Пускай шумит поток над головой моей,
Свергаясь со скалы среди грозы ревучей,
Пусть вихри, из теснин прорвавшись стужей жгучей,
Кромсают грудь мою, как острием ножей!
Я все-таки дойду — я в это верю страстно —
К цветущим пажитям Флоренции прекрасной,
К крутым холмам Сабин, в Вергилия страну,
Увижу солнца блеск, Сорренто над заливом
И, лежа на траве в забвении ленивом,
Прозрачный воздух твой, о Иския, вдохну!
Мазаччио
Перевод Вс.
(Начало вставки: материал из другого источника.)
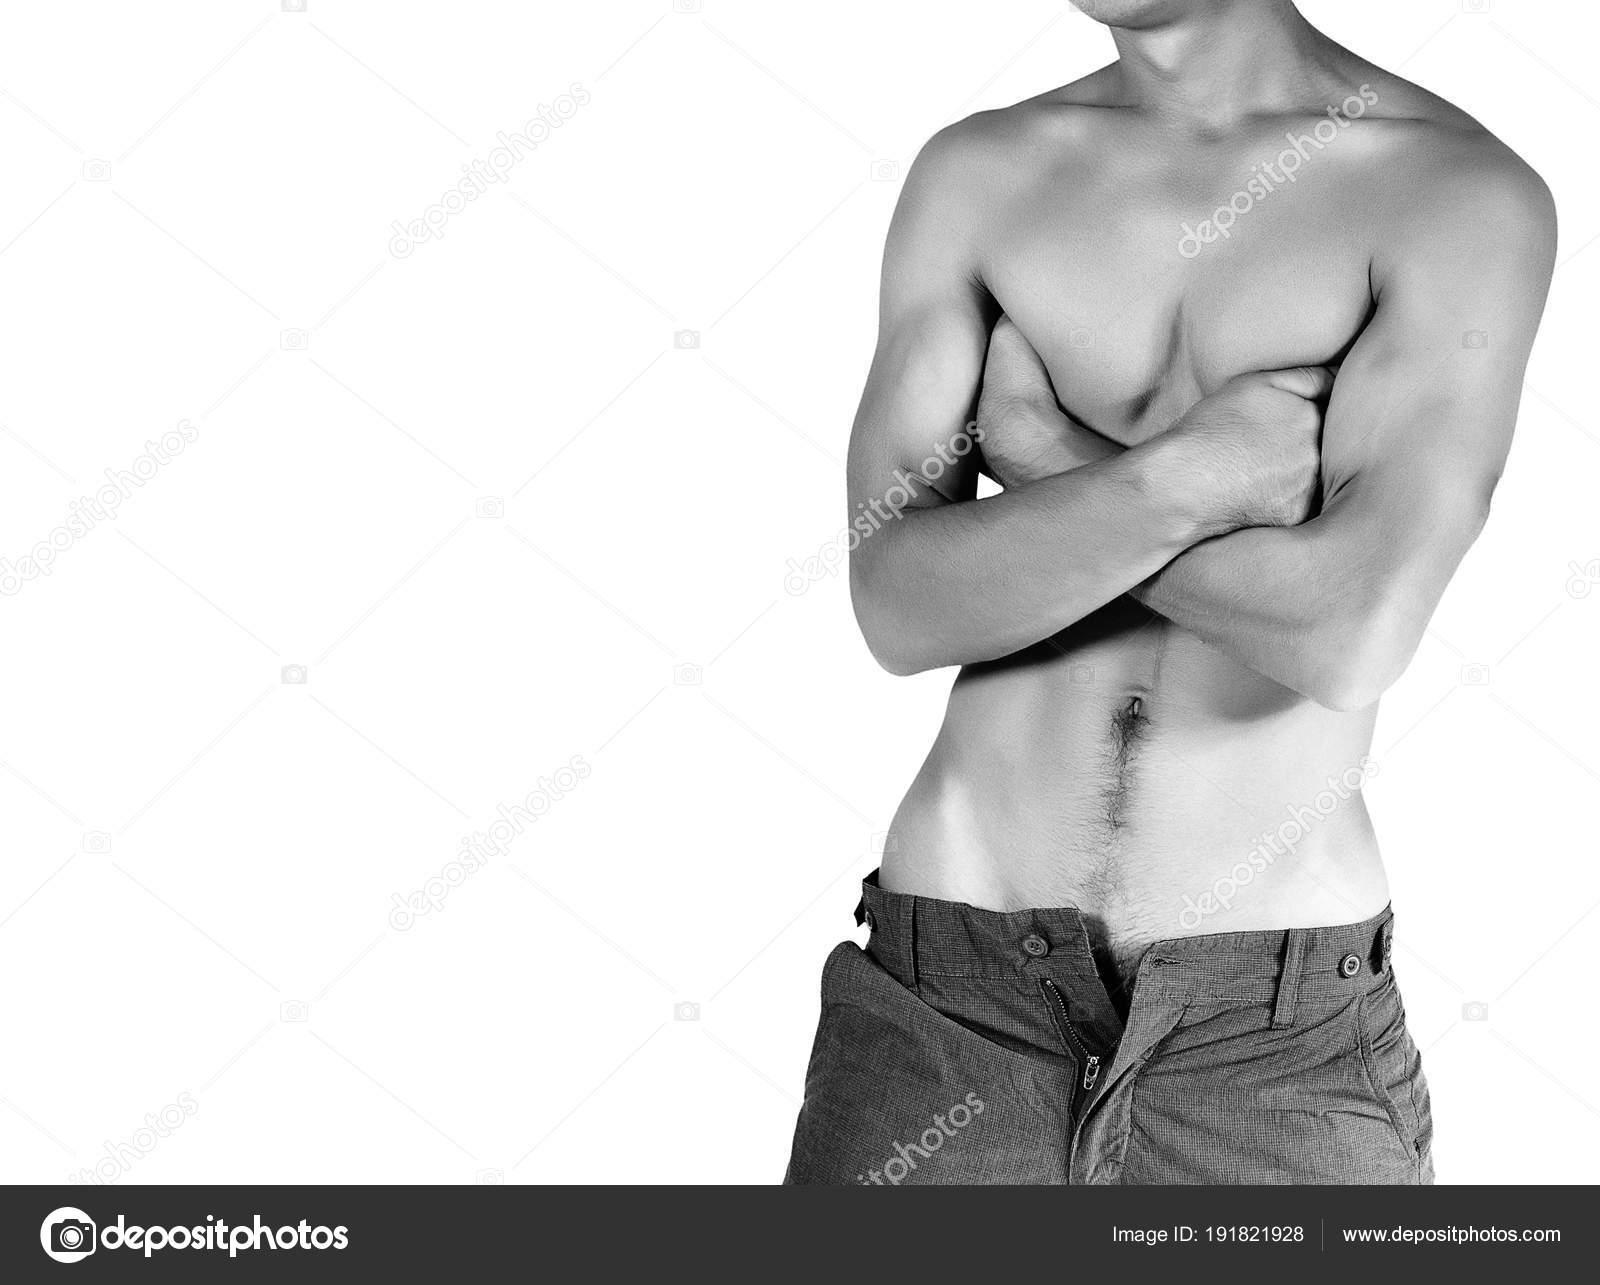 My ex girlfriend had sex nude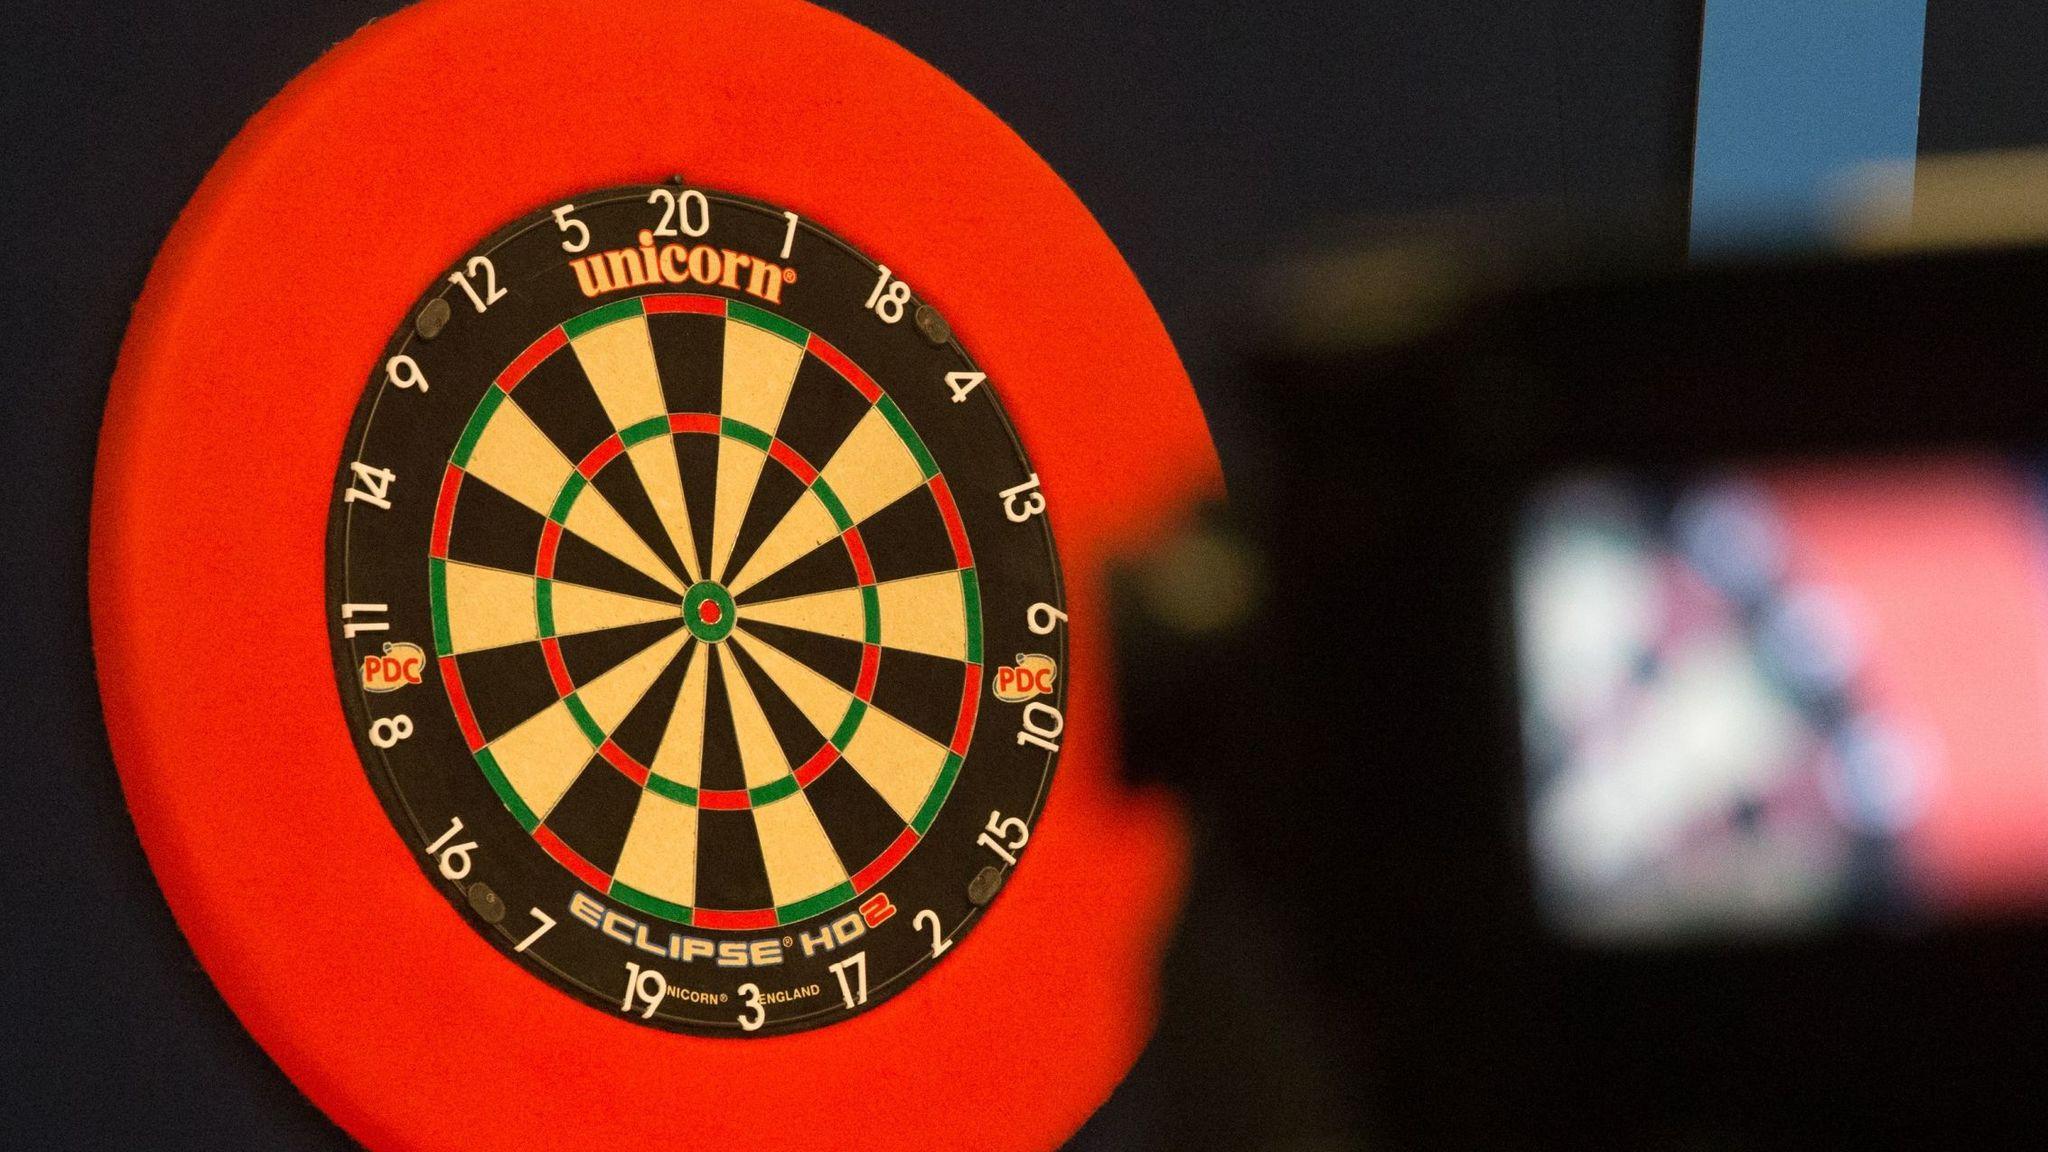 Betting pro darts wallpaper top ten betting sites in nigeria the richest

Рождественского
{186}
Ах, есть ли что для нас ужасней и грустней,
Чем это зрелище, давящее, как своды:
Божественный народ под бременем невзгоды,
Таланты юные, что гибнут в цвете дней!{187}
Мазаччио, ты жил в век горя и скорбей,
Дитя, рожденное для счастья и свободы,
Твой облик говорит про горестные годы:
Сведенный скорбью рот и мрачный блеск очей.
Но смерть твоя пришла и кисть остановила.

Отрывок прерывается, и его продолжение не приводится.